# Refilling systems



## BradG (Apr 15, 2016)

Would anyone care to share the golden rules of machining an ink reservoir for a fountain pen?

I'm presuming if it isn't completely air tight on one end the ink will leak out for fun out of the nib.

What filling options are there? I presume pipette type bulb on the back would work quite well, but I'm concerned I wouldn't be able to purge all of the air out of the chamber with one full squeeze.


----------



## darrin1200 (Apr 15, 2016)

I am just starting to learn, when time allows, about other filling systems.

I believe the bulb filler has a greather tube in the middle that extends from the feed to just shy of the bulb. When the bulb is released, the vaccumm draws ink in through the tube, overflowing into the resevoir. When the bulb is squeezed, air escapes through the breather tube, path of least resistance, but the ink stays because it is below the level of the tube. I believe that a lot of the filling systems with tubes, use the same concept.


----------



## BradG (Apr 15, 2016)

ah now that's interesting and would make sense Darrin. Here's hoping someone who knows the design inside out can shed some more light on it.


----------



## jalbert (Apr 15, 2016)

Brad, 
 Here is a good start on researching filling systems. It's probably the most comprehensive guide I have seen. 

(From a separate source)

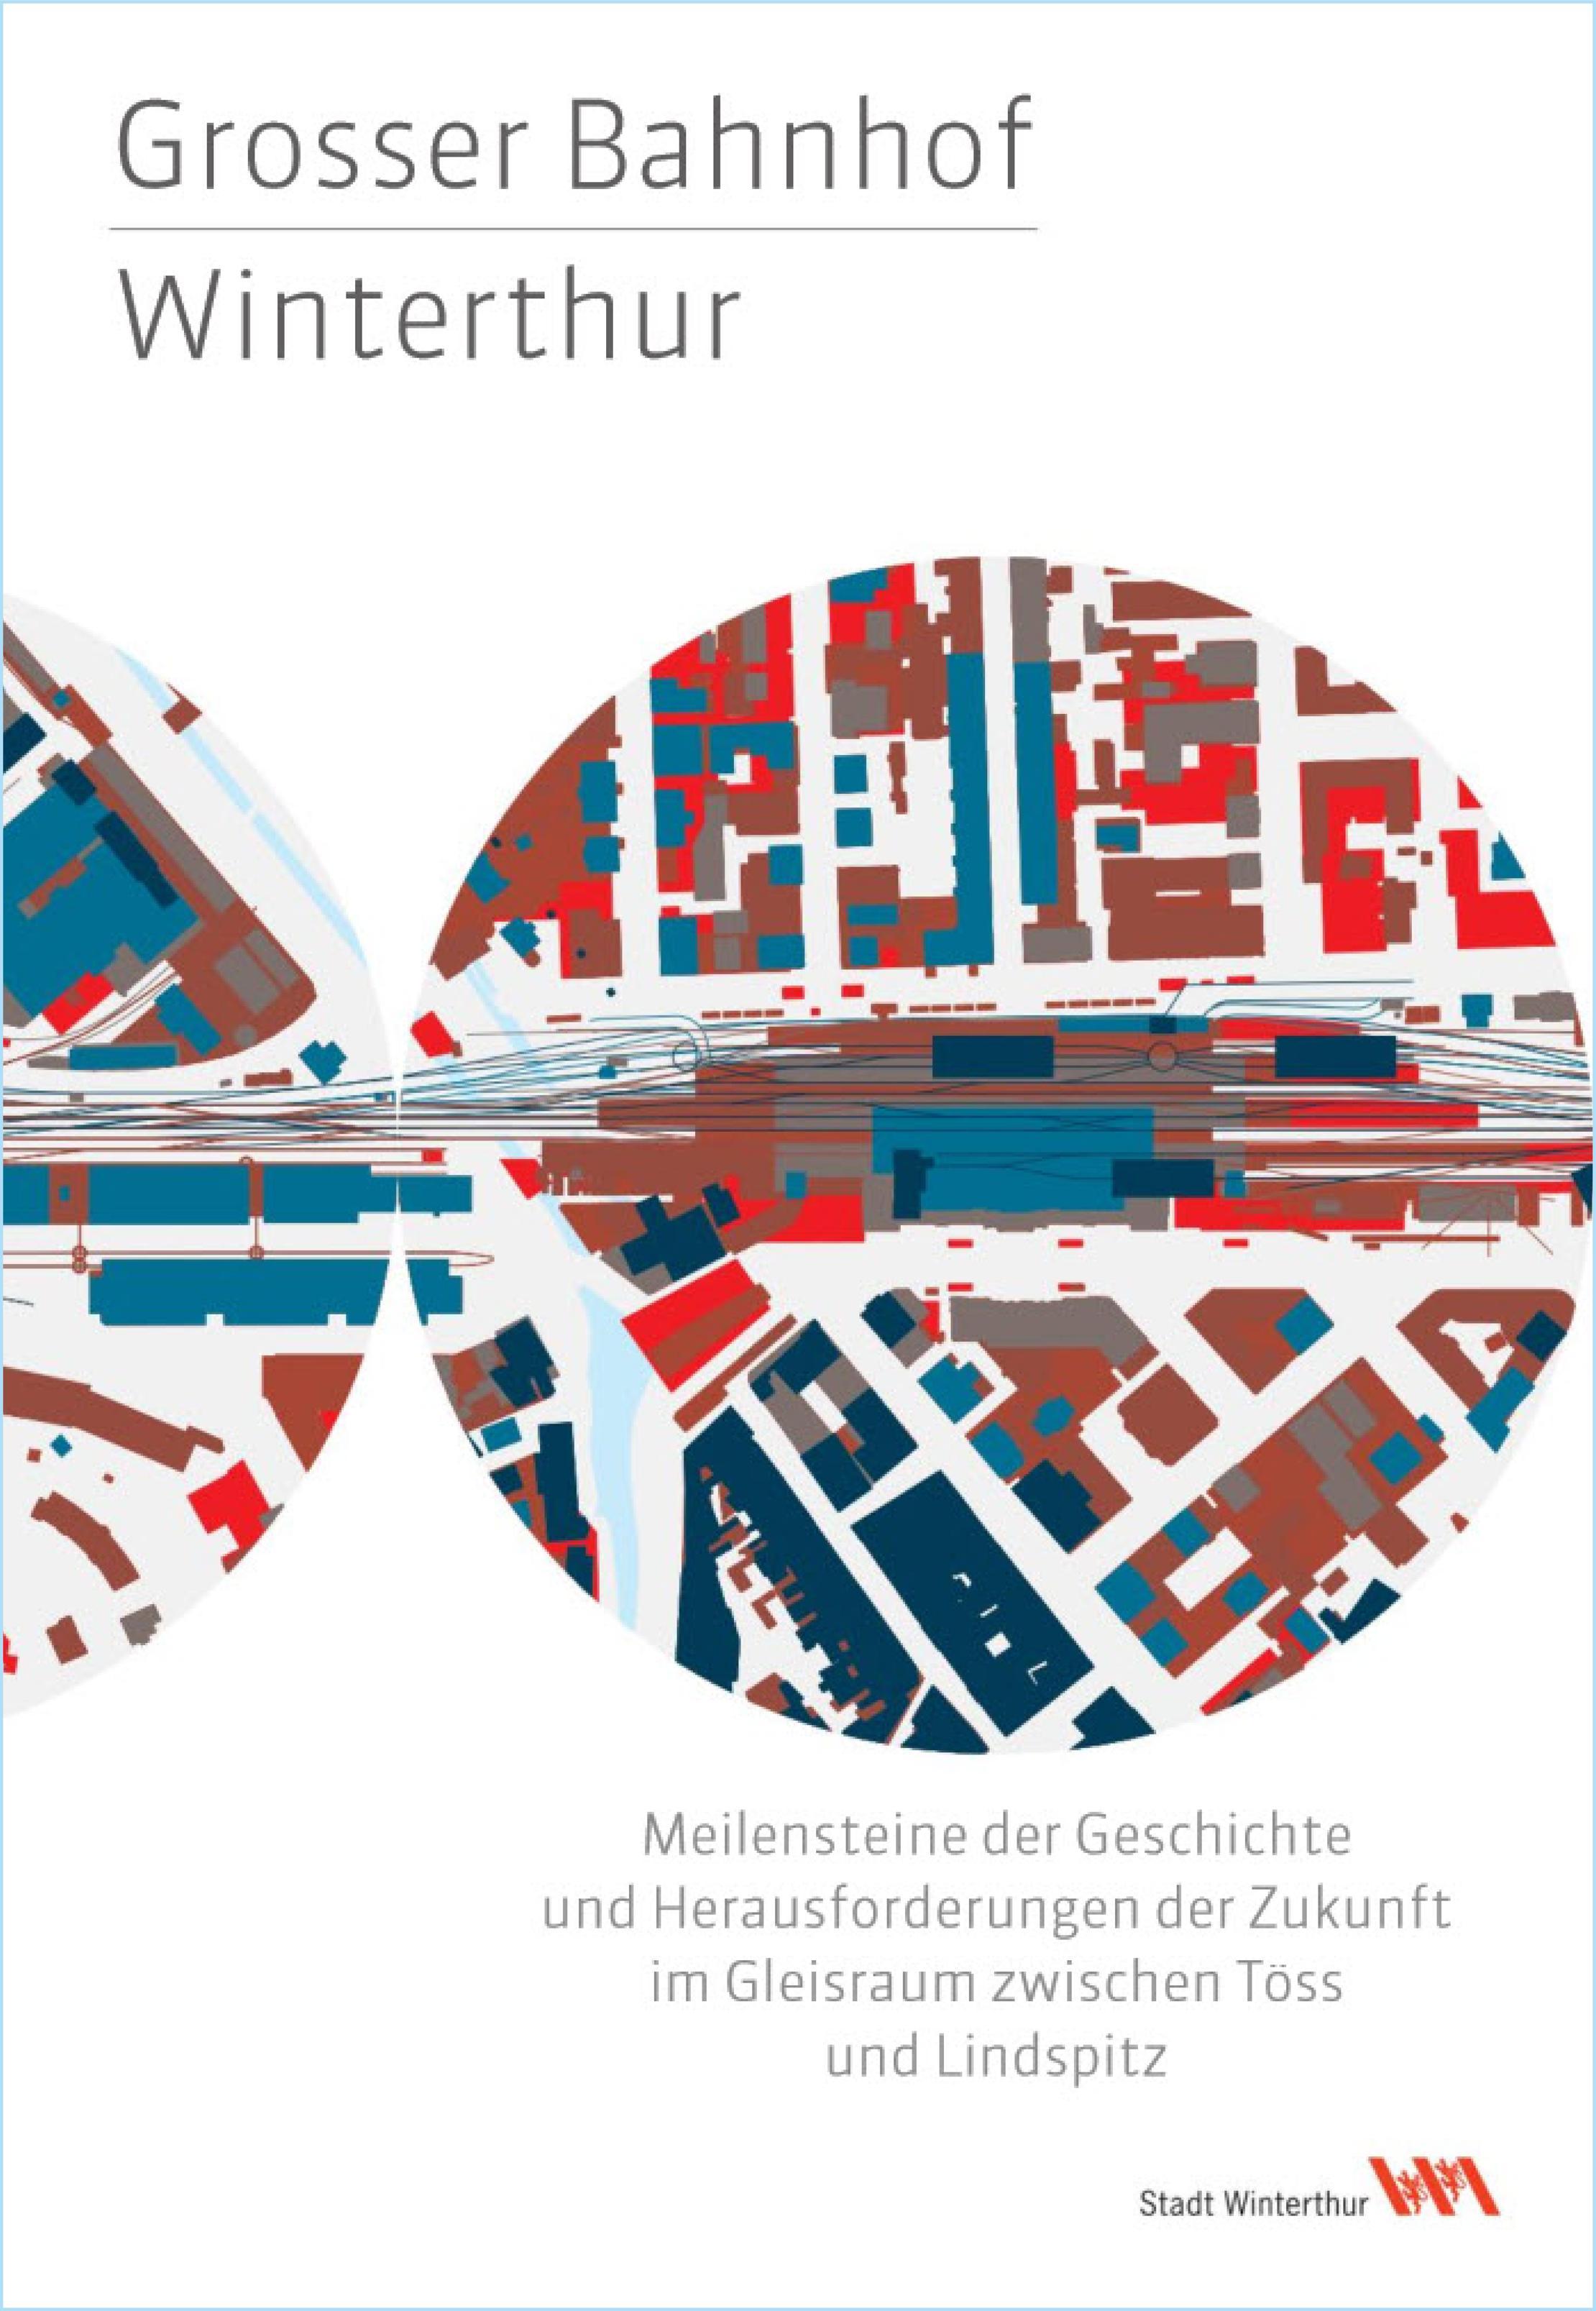 """Grosser Bahnhof"" by David Streiff, Dallenwil 2018, call number: DW 23405"

RichardsPens.com &bull; Pens That Write Right!

Piston fillers and syringe fillers (basically a push/pull converter) are the two alternative systems I have fooled around with when I hadn't wanted to use a standard converter.










This is a syringe mechanism I made 





Here is a pen I made with a piston fill mechanism. Apologies for not having a picture of the actual mechanism itself.


----------



## bmachin (Apr 15, 2016)

Haven't made a bulb filler yet, but plan to.

There is a tutorial in the library on making a bulb filler by Soligen.  Brian Gray at Edison Pens has a video on the bulb filler that he sells.  His method is to attach the breather tube directly to the feed nipple.  He then drills a small--really small, like a high number drill-- hole in the back of the feed housing to provide a path for the ink to reach the feed.  

You can get by without the breather tube, but you are only going to get ink from the first squeeze.  After that you are just forcing the ink back out.

Richard L Greenwald has piston fill mechanisms available. 

Edison Pen as animations of how bulb, pump, and pneumatic fillers work.

Hope this helps.

Bill


----------



## BradG (Apr 15, 2016)

Very halpful guys, thank you.  There's no way I could accommodate a syringe type system in this design so il be sure to check out the bulb filler info for sure


----------